Last Updated: July 16, 2020By

The government of South Korea is working its best to utilize blockchain technology in different industries. The country’s central bank is reviewing the application of a central bank digital currency, and several government ministries need to adopt decentralized identification features within their recent systems. Hospitals, pharmaceutical companies, and research centers are also seeing at blockchain solutions.

Everyone understands that blockchain can help the medical industry while implementing a new blockchain service structure to conventional industries is not so quick and simple. Lots of testing must be done before it can be applied in people’s daily lives. The South Korean government is promoting blockchain technology and administering several proof-of-concept projects to discover a proper way to combine blockchain to the current system.

As governments globally grapple with the healthcare implications of the coronavirus pandemic, their focuses have shifted continuously away from various chronic diseases and conditions to the more pressing concern of causing the pandemic under control. However, behind all the noise, government health organizations are making significant steps toward using technology to examine and respond to the difficulties that chronic conditions like diabetes and cardiovascular disease place on populations and healthcare systems.

In South Korea, a country that is very open to blockchain technology and its potential, this new technology is now being utilized to create a blockchain-based data registry platform that has been set up to help more than 11 million people residing in the country who suffer from chronic conditions like diabetes and cardiovascular disease. Diabetes weakens its sufferers, leading to a decreased quality of life and a dependence on ongoing treatment and drugs to keep the disease at bay. The International Diabetes Foundation predicts that as of 2019, 463 million people worldwide have diabetes, while South Korea has over 5 million people who fight with the disease.
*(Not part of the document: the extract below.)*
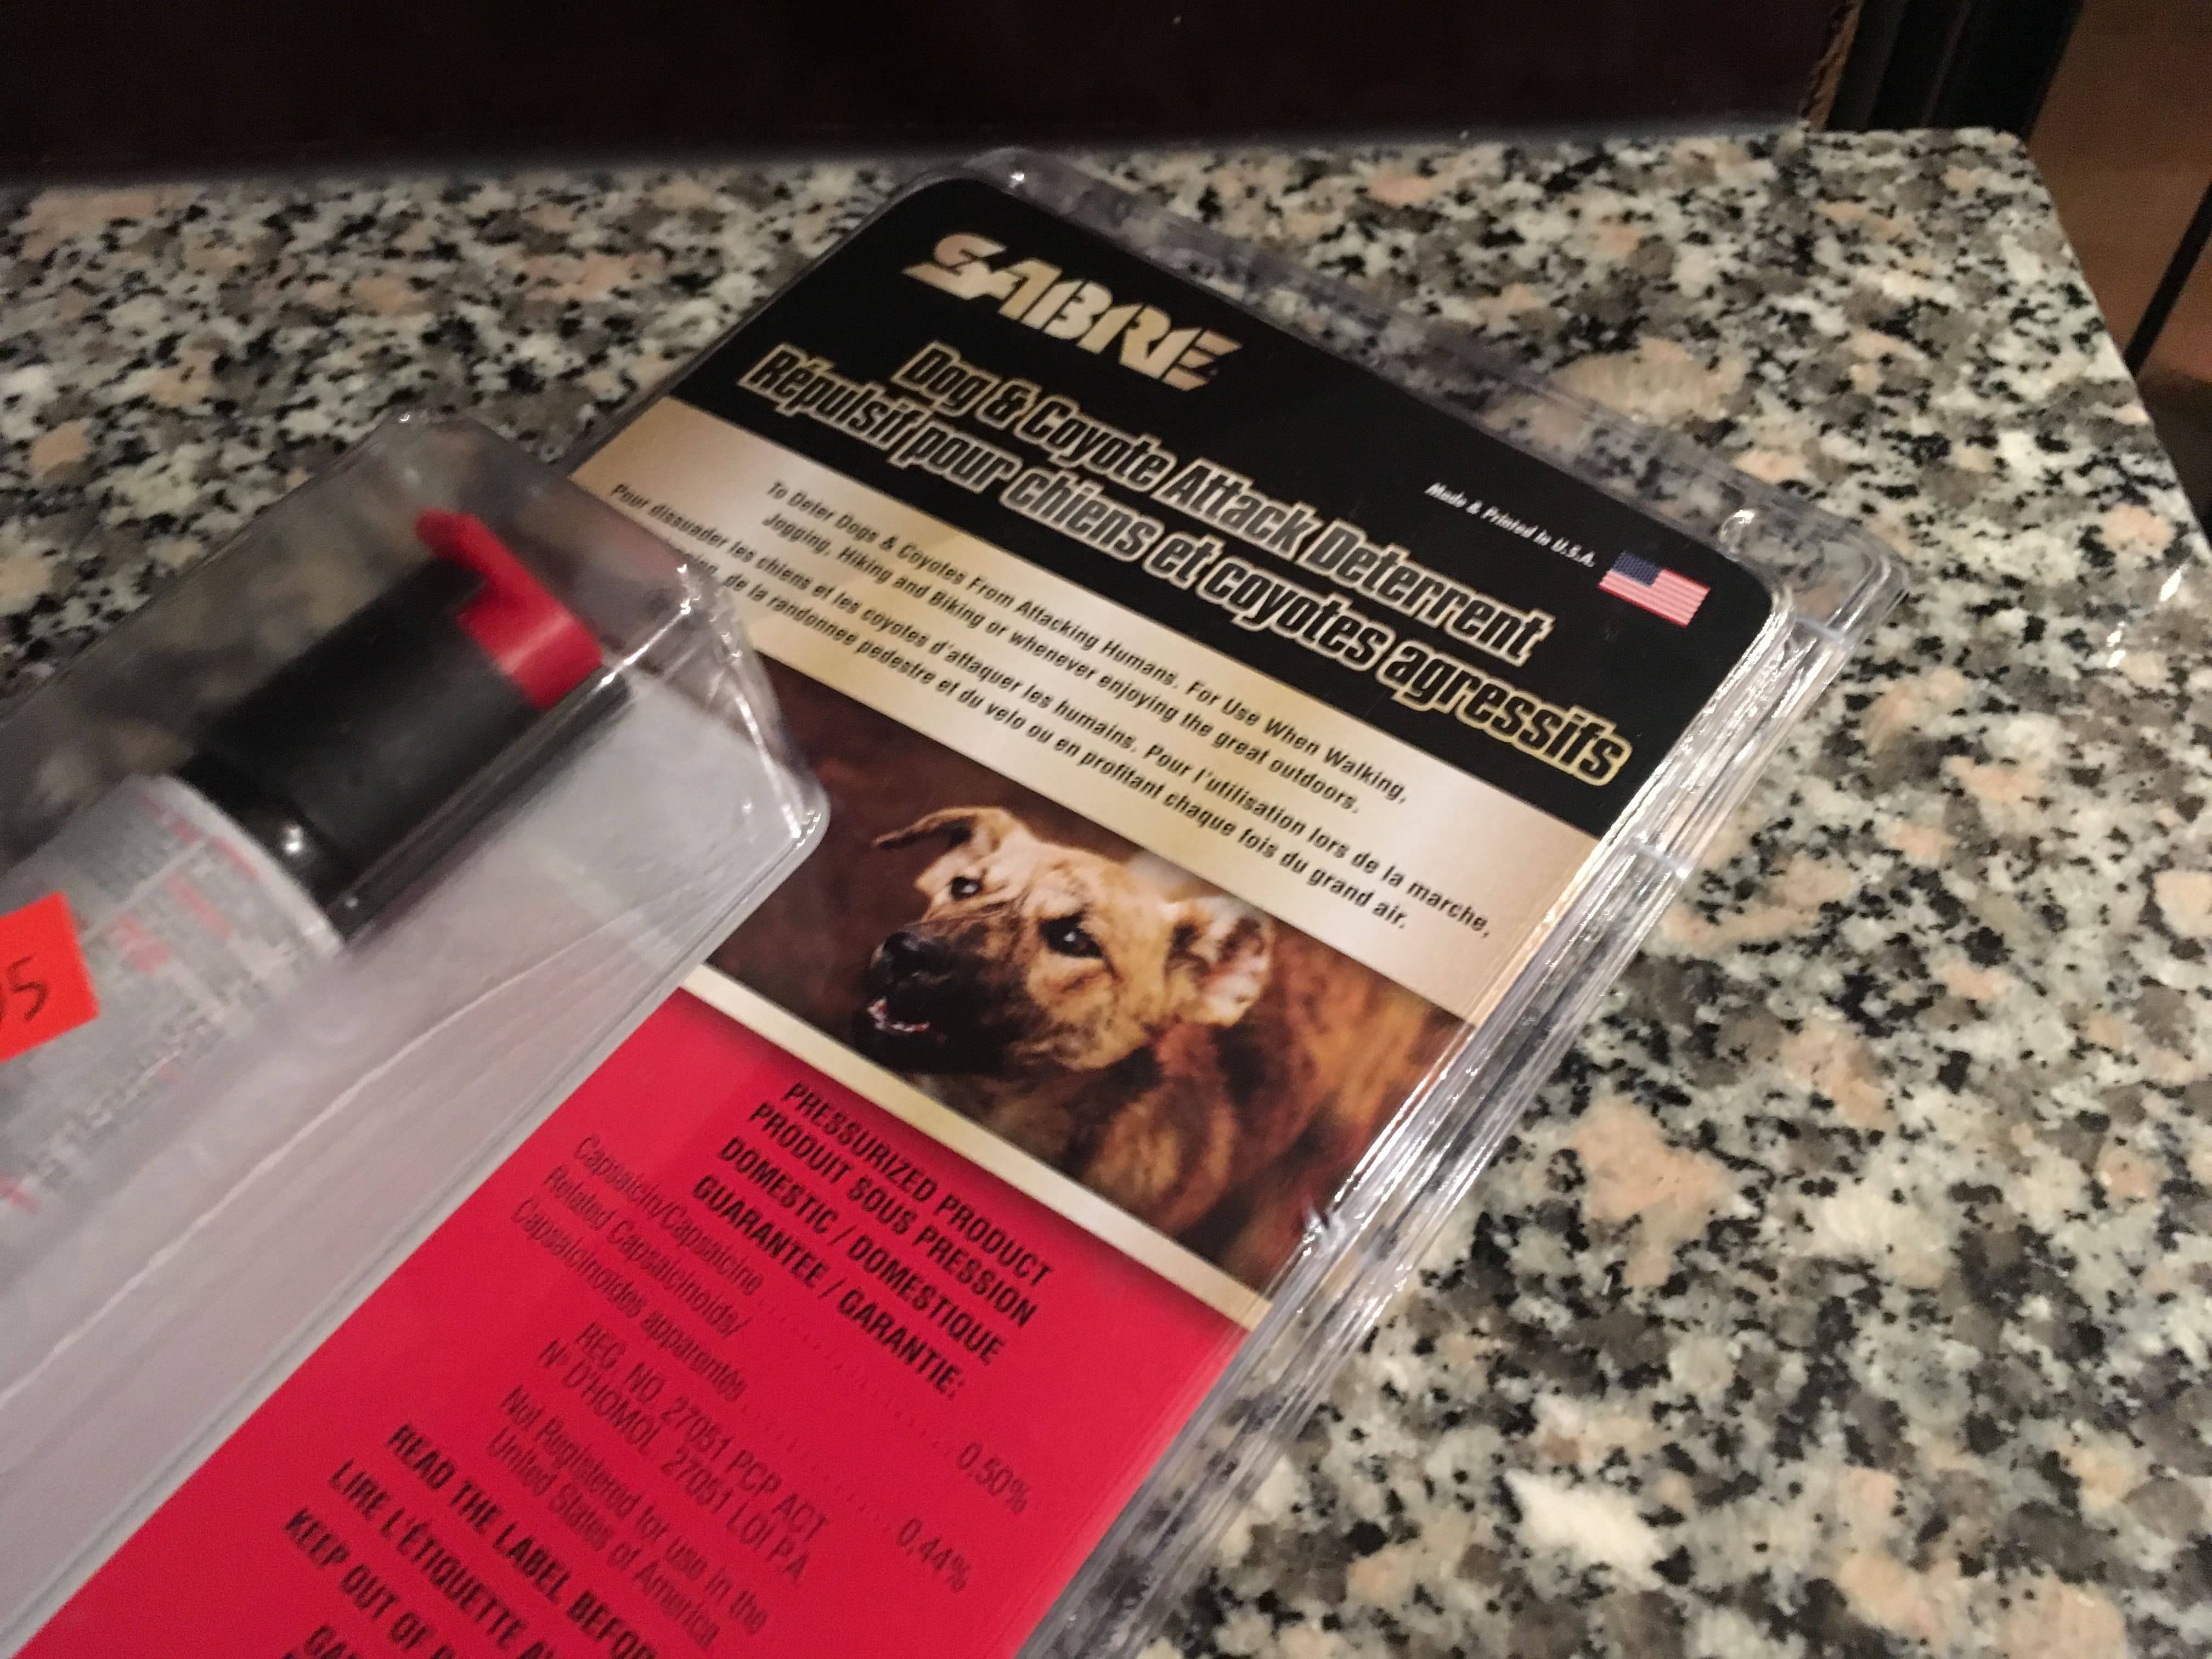 Pepper spray is called "coyote and dog deterrent" in Canadian stores. This week, my girlfriend got hers.

Numerous hospitals and laboratories depend on centralized solutions and databases to coordinate data collaboration. This method makes it almost difficult to track the use and manipulation of the typically vast volumes of data gathered and utilized by healthcare providers. The utilization of blockchain in ordering and storing such a large amount of data will eventually lead to efficiency improvements for healthcare staff, which implies they will be able to spend more time with the people who matter: the patients.

South Korea passed new data-related regulations that will be active in December. Once the regulations are applied, more corporations are anticipated to look to the blockchain advantages for data management and storage. Recent data management systems do not enable corporations to manage data properly. They cannot track data access or use, so some feel data management and storage could be streamlined and enhanced utilizing blockchain.

With government support, blockchain adoption isn’t far away, but it relies on whether people are ready to acquire this new structure in certain industries. Nobody wants to be the first to take the risk, but the work of pioneering businesses suggests we are only one step away from a much broader adoption of blockchain technology.